§ ASSIGNED TASK: The lines below from the one with "Soaring Eagle Arts Beats & Eats" up to and including the one with "D-CFMB, 1993 Beech" are what you should set down, exactly and without pictures.

§ TASK INPUTS:
════════════════

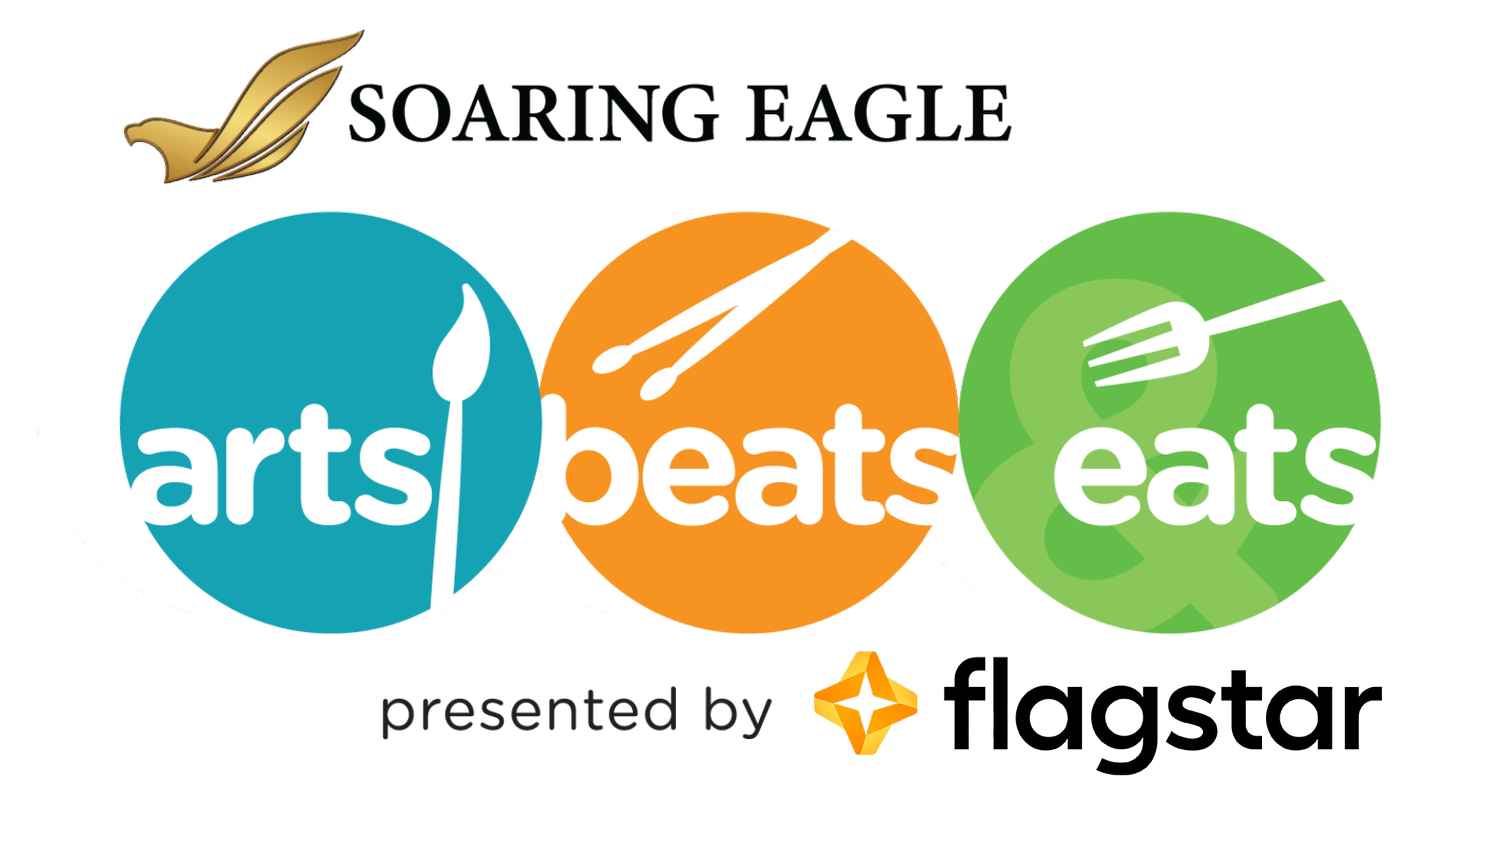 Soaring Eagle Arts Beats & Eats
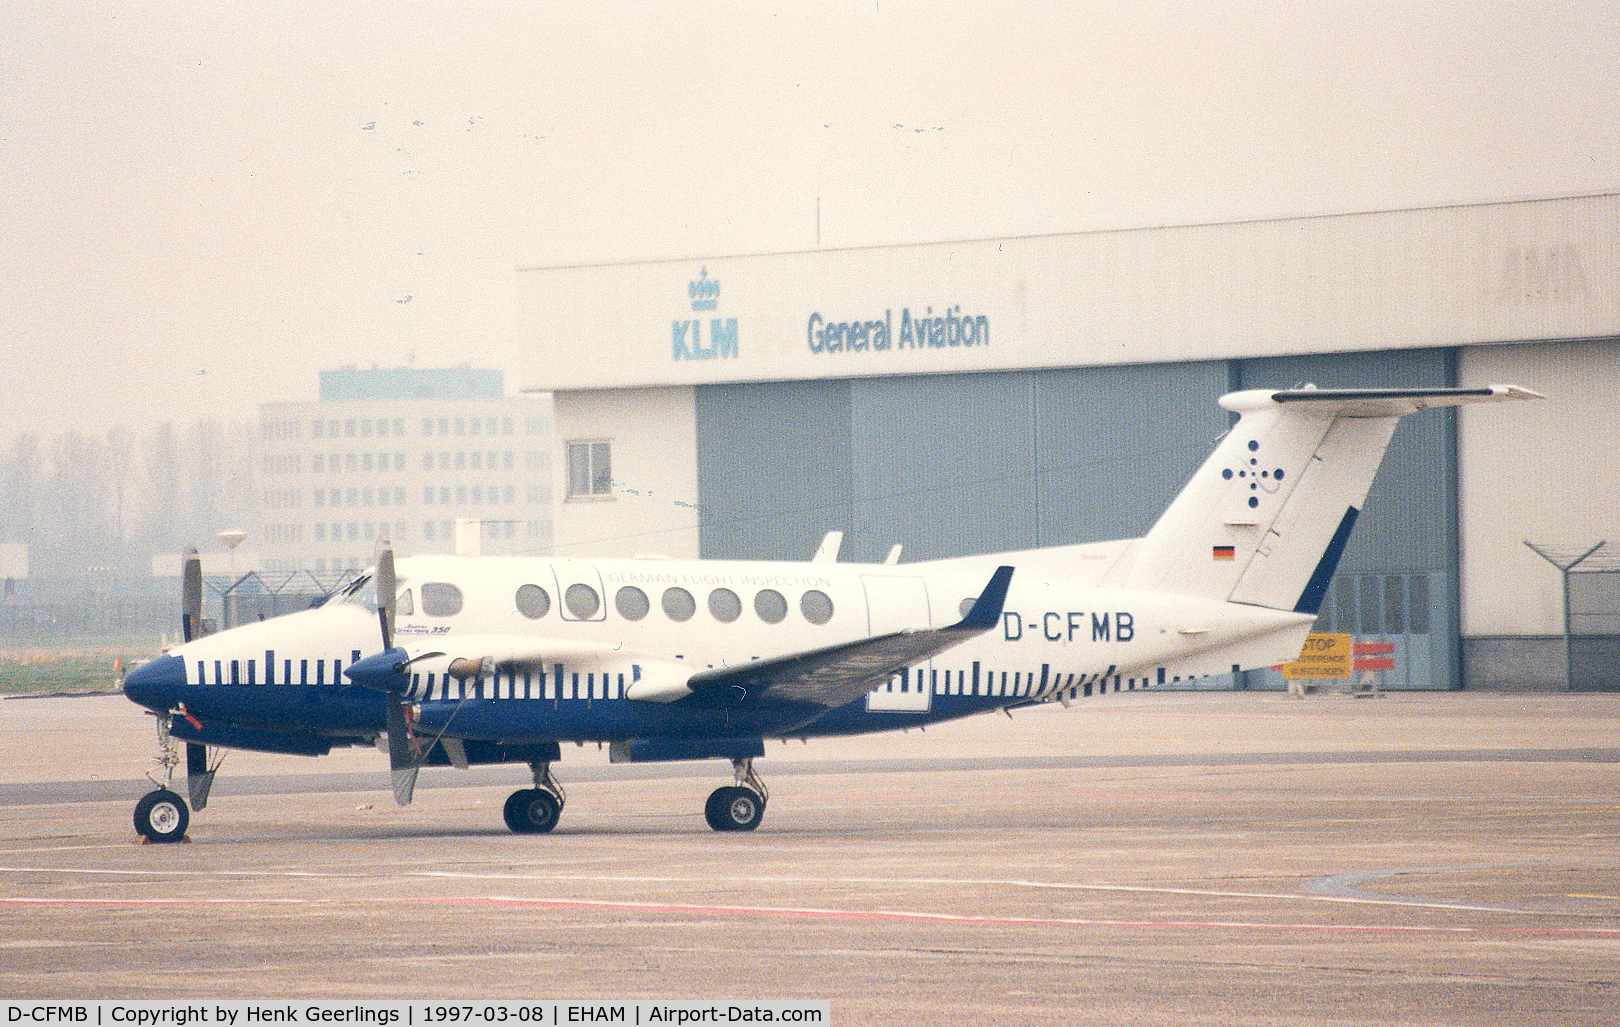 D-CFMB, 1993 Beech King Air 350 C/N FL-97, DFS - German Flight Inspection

════════════════

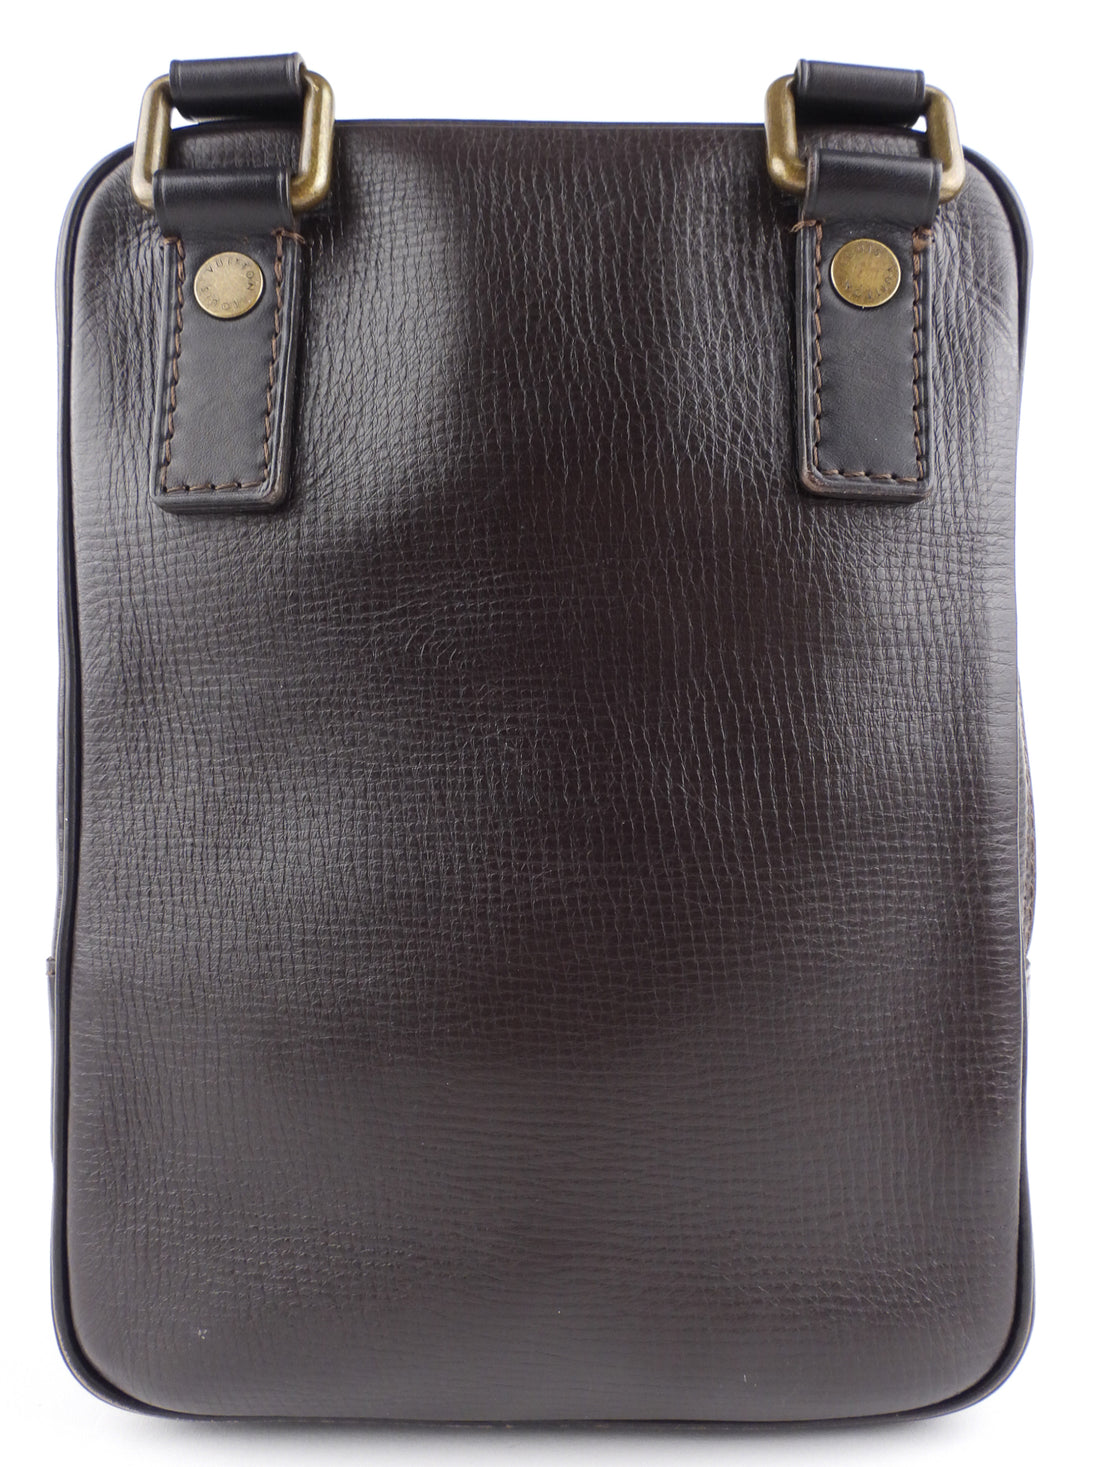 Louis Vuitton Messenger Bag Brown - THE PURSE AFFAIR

════════════════

§ WRITTEN ANSWER:
 Soaring Eagle Arts Beats & Eats
 D-CFMB, 1993 Beech King Air 350 C/N FL-97, DFS - German Flight Inspection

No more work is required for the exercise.